While SH3 is known for its binding effect, it typically does this away from the active site. There are about 300 of these domains seen within the human genome.
SH3 Domain Structure
SH3 domains are made up of a beta-barrel fold, which has become quite characteristic of it. There are also five or six β-strands, which are typically tightly packed and arranged as anti-parallel β sheets. Short helices can also be found in the linker regions.
SH3 Domain Interactomes
How SH3 domains interact depend on where it’s found, with this being significantly different between certain areas and genomes. There can also be many similarities, some of which can be surprising.

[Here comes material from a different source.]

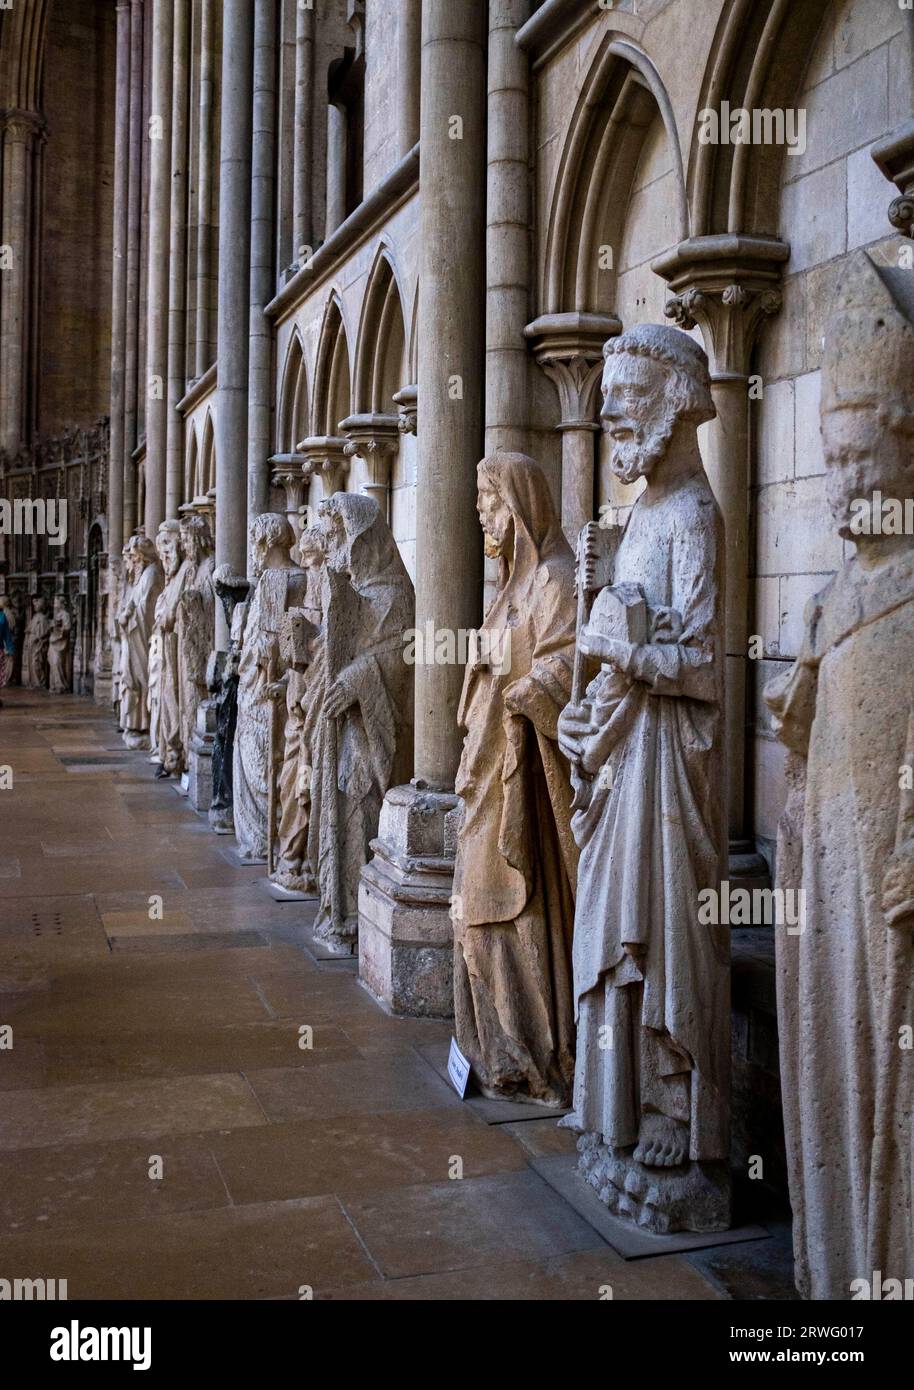 Rouen Normandie Frankreich - Statuen der Heiligen in der Kathedrale von Rouen Rouen ist die Hauptstadt der nordfranzösischen Region der Normandie, ist eine Hafenstadt an der Stockfoto

An SH3 interactome in a worm, for instance, can resemble how the same process in yeast. Despite this, interactions can be highly rewired between the two, especially in orthologous interactomes.
SH3 Domain Binding Specificity
SH3 domain behaves somewhat differently than some similar proteins. One of the more notable differences is that it binds far from the active site. There are some other differences, however. While the proteins are typically restricted to intracellular proteins in humans, they can also be found in the MIA family among small humans.
These will typically have an SH3-like fold, although this will be relatively small. Regardless of its location, the binding process will be the same. Usually, this will be done with the target binding partner’s proline-rich peptides.